I've also seen whites and creams have spontaneous apricot/cream colored growth in patches where the hair hasn't fallen out. I, honestly, don't know what causes those! But they can come and go. Since his hair is already white at the root, I'd say whichever of these causes, it's gone! : )

Do keep an eye on the area (and allover woudn't hurt) for any hair loss or abnormal skin. It also wouldn't hurt to ask the groomer what she thought of his skin and coat, if she saw anything out of the usual. : )


----------



## mattsmom (May 17, 2011)

*Wow! I'm impressed!*

Thanks so much for your quick reply! it makes sense, but I wonder -- if as you suggest it's skin damage -- wouldn't that be reflected on the whole strand of hair instead of just at the ends? Beats me!

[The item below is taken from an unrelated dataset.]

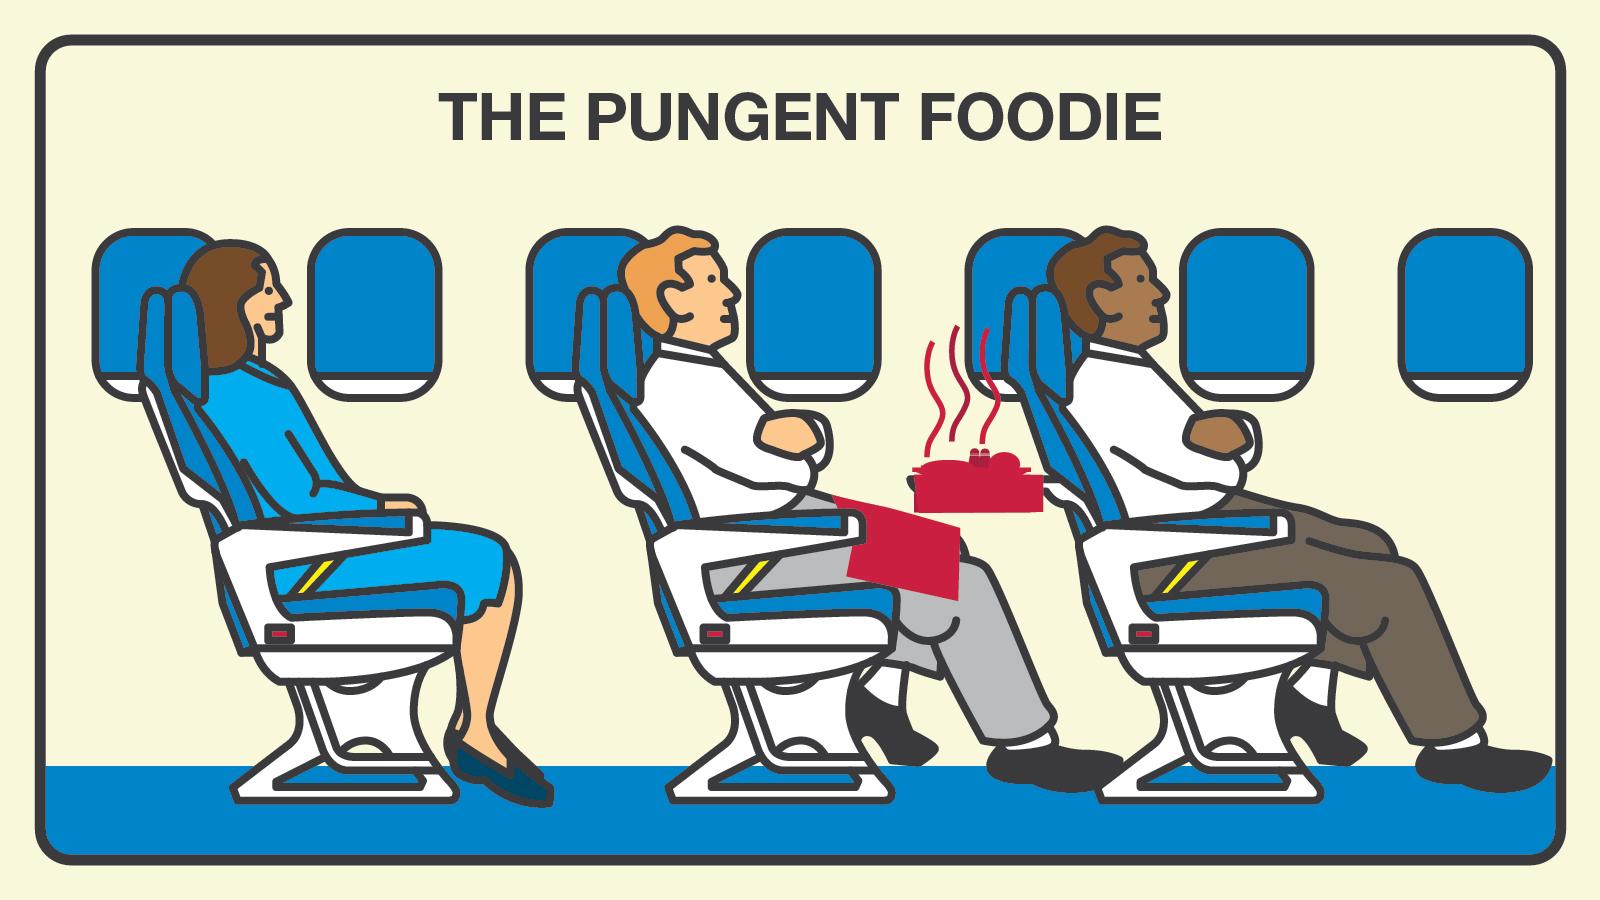 Pleasant Window Seat Or Aisle Seat Cnn Staffers Debate Airplane Ibusinesslaw Wood Chair Design Ideas Ibusinesslaworg

In any event the sun thing is interesting -- we live in Taos NM at 7200 feet and our UV is very high. I just would have thought this would have happened sooner. He hasn't had a head hurt as far as i know but they're so stoic, maybe he just never said anything.

Thanks again for your input -- I really appreciate it.

Ann


----------



## Fluffyspoos (Aug 11, 2009)

Well the ends were once at the root, so the trauma could have happened months ago without you even knowing since those colors only became visible after the groomer trimmed and exposed them. Don't worry, from what I've seen trauma color changes aren't permanent and change back to it's normal color after it's fully healed.


----------



## PammiPoodle (Jul 16, 2011)

Fluffyspoos, you type too fast! I was typing nearly the same thing as you (again) but saw that you posted before I did. : ) 

Yes, Mattsmom, the dark color is just because the hairs are new, and the new hairs start at the puppy color and then fade to white like the rest of his hairs did when he was a new baby. : ) It's not permanent damage to the follicle, just damage enough to make the hairs fall out and a new cycle begin!


----------



## CharismaticMillie (Jun 16, 2010)

Hmm..interesting. The only thing I have to add is that my handler once differentiated Tiger's color (white) from her bitch (technically cream) by saying that hers had a stripe along the back (I couldn't see it and they both looked white to me!)


----------



## Fluffyspoos (Aug 11, 2009)

If you had a white next to Vienna, she looks very cream in person. When she's next to Lacey she looks yellow and dirty lol


----------